→ **WORK REQUEST**
Render every line of the data exactly as written, and leave out the pictures.

→ **DATA BELOW**
○ ○ ○ ○

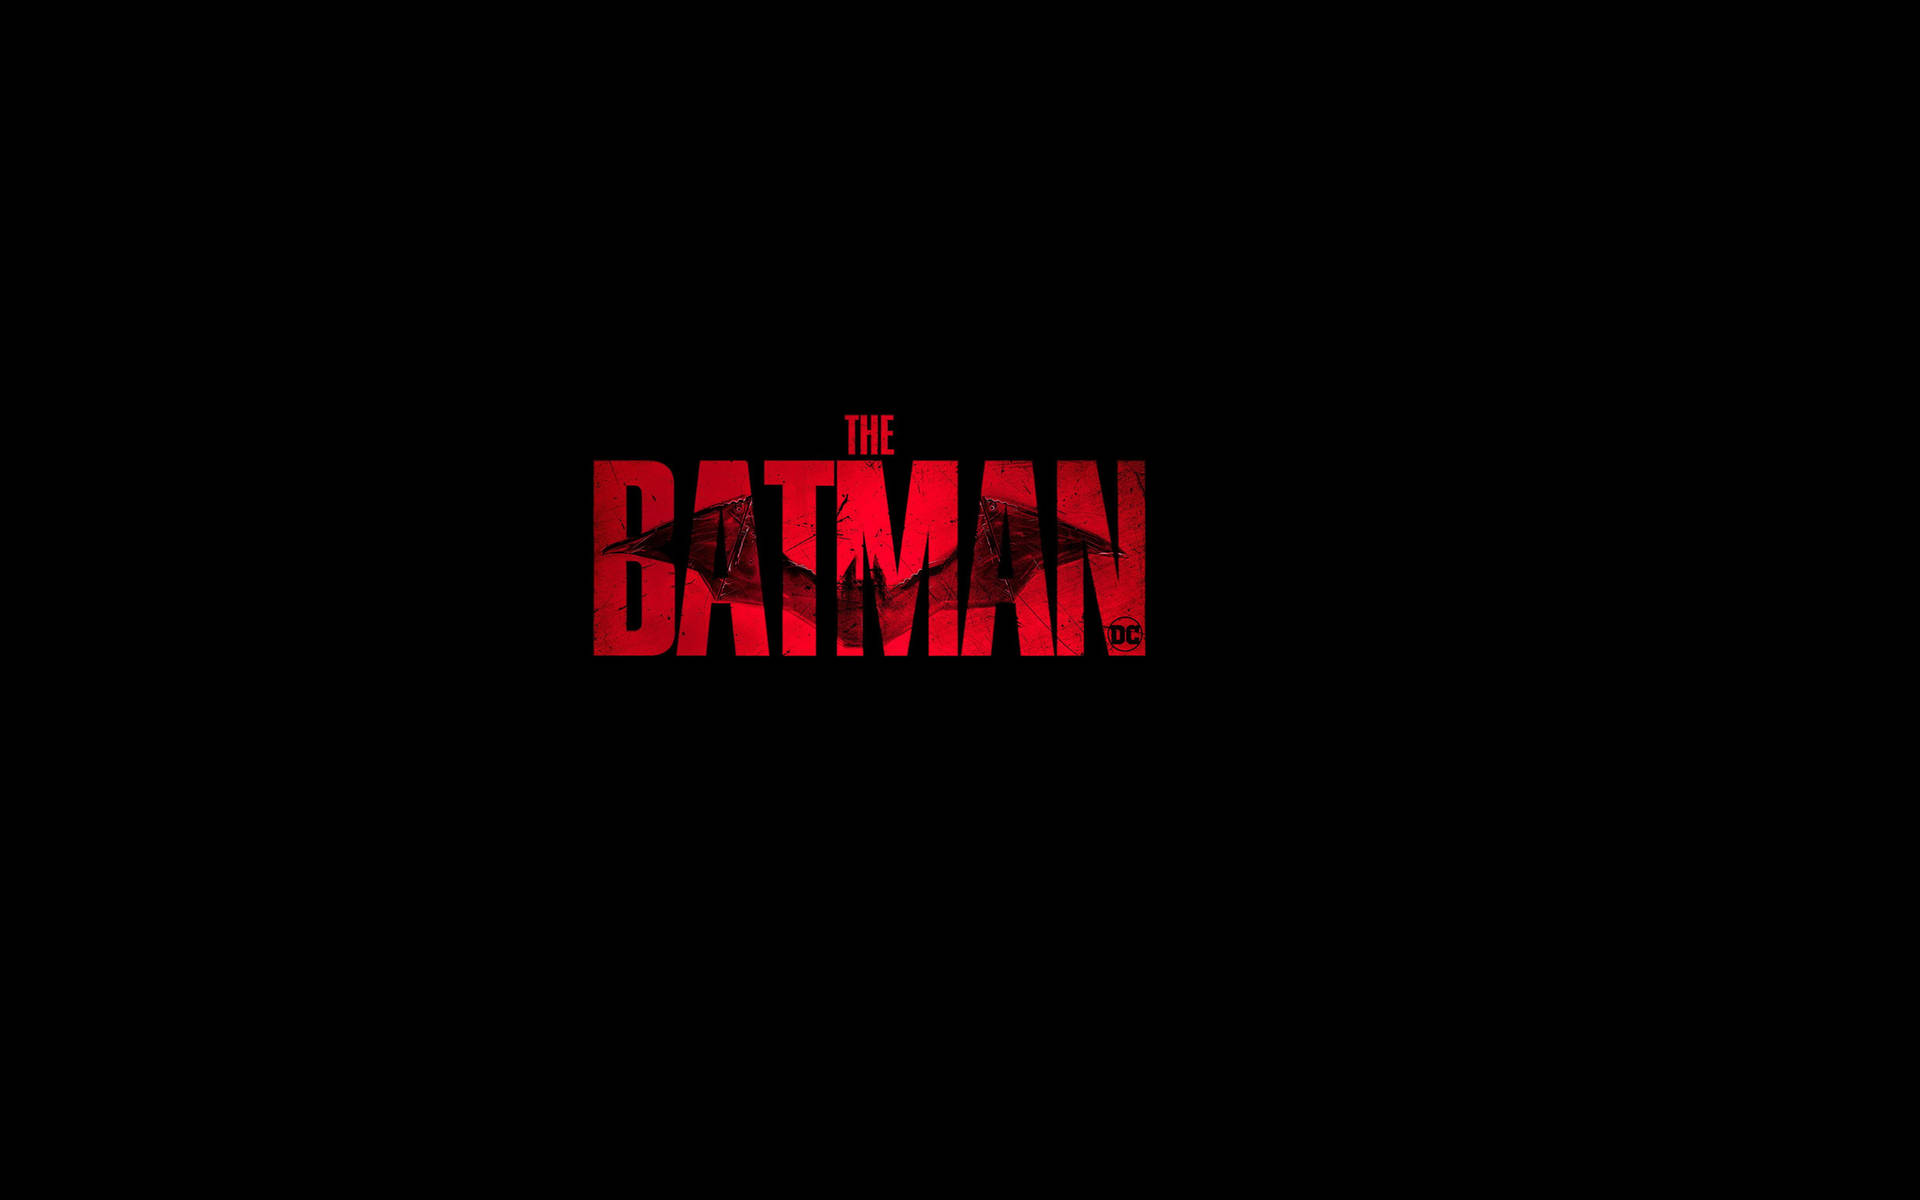 The Batman Phone Word Art Background
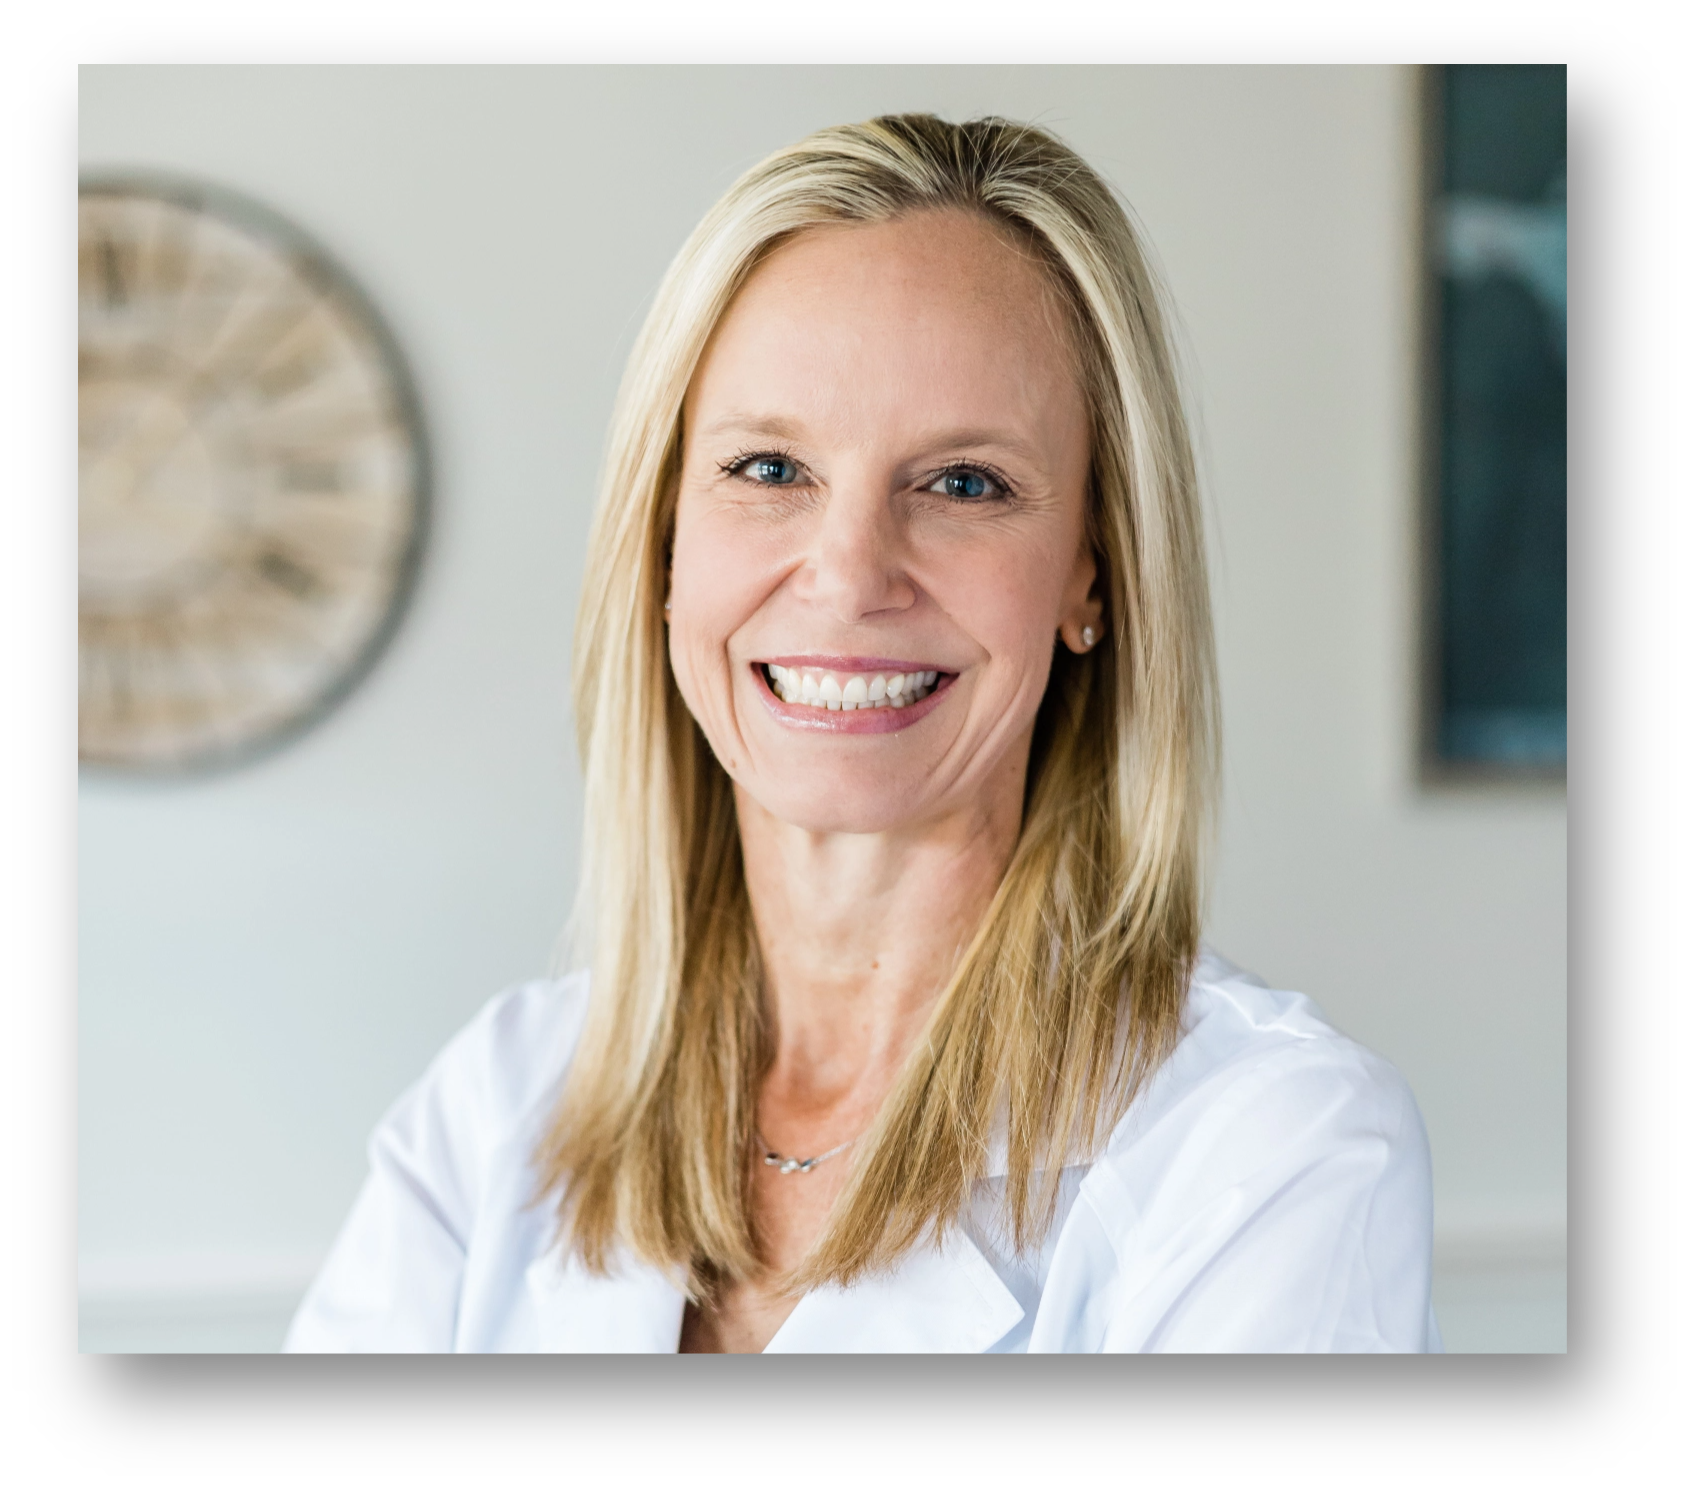 telehealth expert Dr. Kara Hartl, available for interview
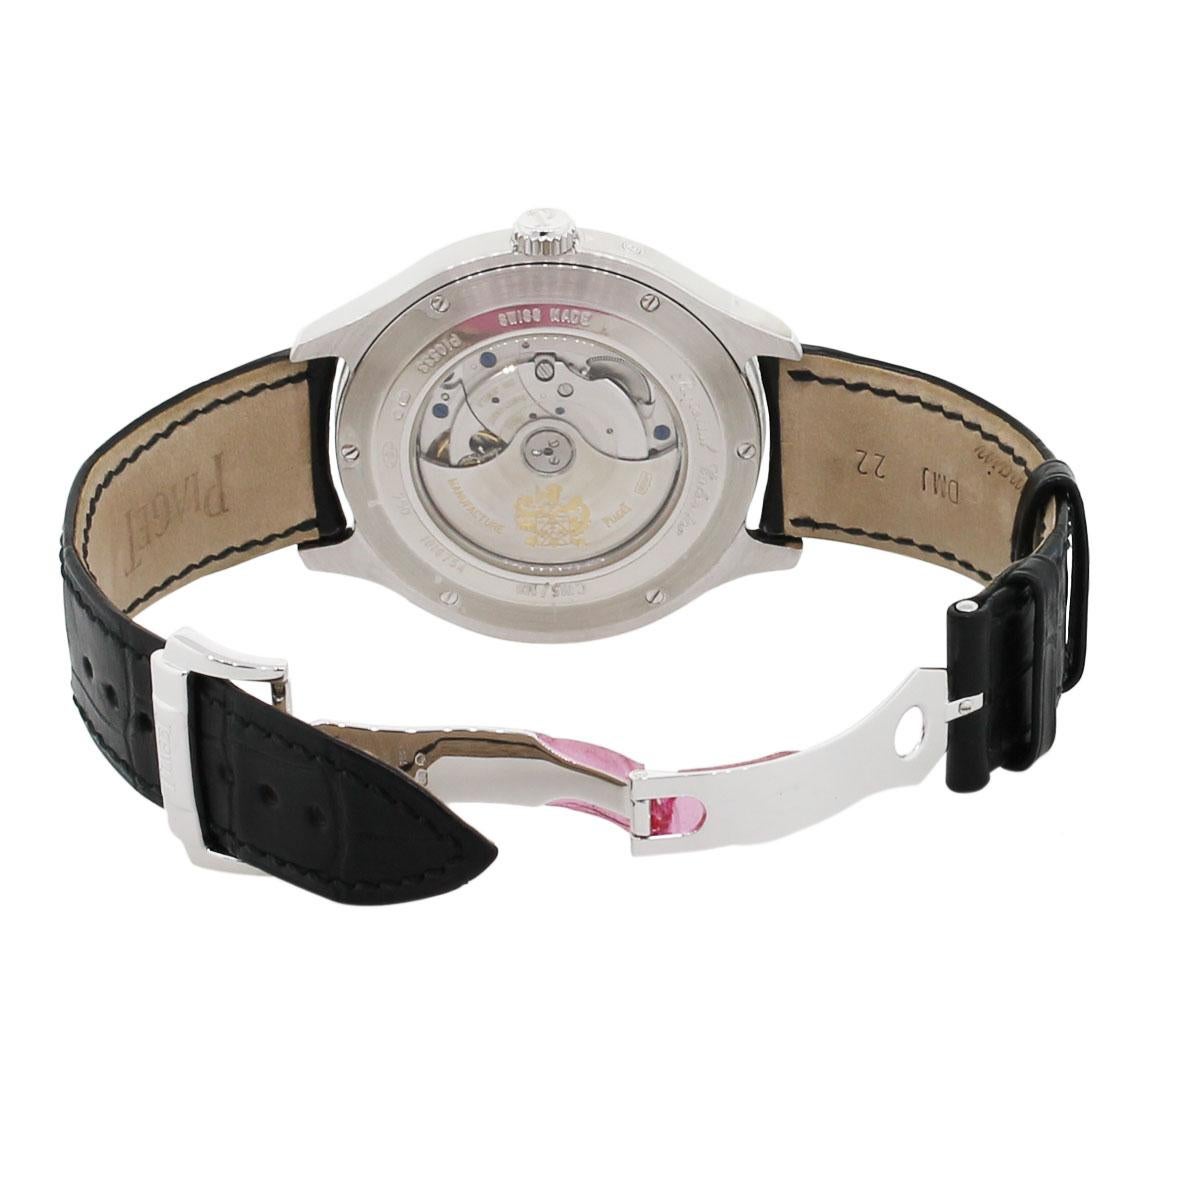 Piaget G0833018 Emperador Perpetual Calendar Wristwatch 1

○ ○ ○ ○

→ **TASK OUTPUT**
 The Batman Phone Word Art Background
 telehealth expert Dr. Kara Hartl, available for interview
 Piaget G0833018 Emperador Perpetual Calendar Wristwatch 1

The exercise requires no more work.